30 October 2013

Who You Are is Enough


No one can make you feel inferior without your consent. –Eleanor Roosevelt

The importance of loving ourselves, making this our first priority in life, cannot be overstated. A healthy sense of self worth, being in possession of one’s self, is fundamental for acting in the world around us in ways that edify and minimize the potential for doing harm.

Feelings of inferiority are often a key signal that our self is in need of some care and attention from us, beginning with an acknowledgement and acceptance of both our potential for goodness and our potential for being far less than good.

Without this we cannot expect to function well in life because we are not living in alignment with this basic truth of human nature—that everybody is both wonderous on the one hand and tragically, inevitably flawed on the other.

So, the challenge is one of increasing our awareness of these two contradictory energies in ourselves, becoming more acquainted with their texture and flavour (so-to-speak), which will then allow us to manage them with much more skill and grace.

This, from my point of view, is how we learn to do as little harm as possible, but it isn’t a quick fix. Much education of both the mind and the heart is involved.

It’s about cultivating compassion beginning with ourselves, which at some point becomes natural to extend to others as well.

However, the road to success in these matters isn’t a straight line—patience is required.

We need to be gentle with ourselves as we make our way through varying degrees of successes and failures, the ups and downs, embracing them both, working with them as well as we know how at any given moment in time.

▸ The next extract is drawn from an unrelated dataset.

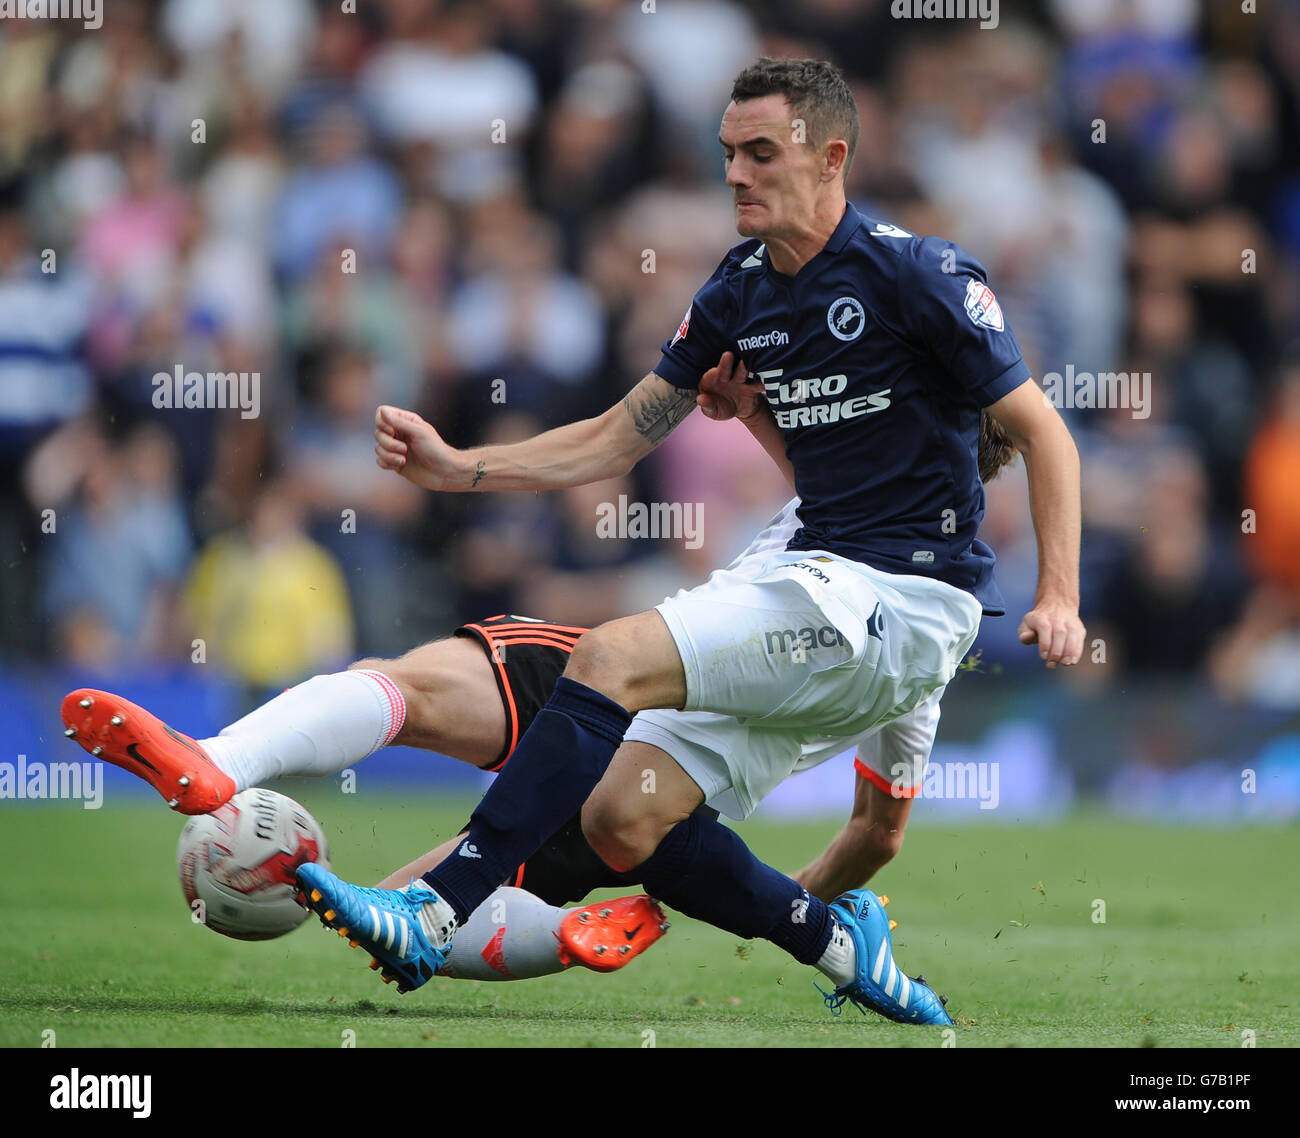 Soccer - Sky Bet Championship - Fulham v Millwall - Craven Cottage. Fulham's Scott Parker (hidden) and Milwall's Shaun Williams (front) battle for the ball. Stock Photo

But as we mature, as we begin to bear fruit and feel just a little more worth our own attention and care, we will eventually sense that who we are is enough, not perfect according to the dictates of conventional wisdom, but perfectly, inevitably human—a condition paradoxically characterized by being perfectly imperfect.

This is the basis on which no one will ever make you feel inferior again, for how could they? We are all born of the same fundamental human impulses, no one of us better or worse than any other, except according to misguided beliefs or narratives that don’t serve anyone well.

It’s all about accepting the humanness of our condition, forgiving ourselves and others for the inevitable failures, being patient and always returning to home, to our center—to love.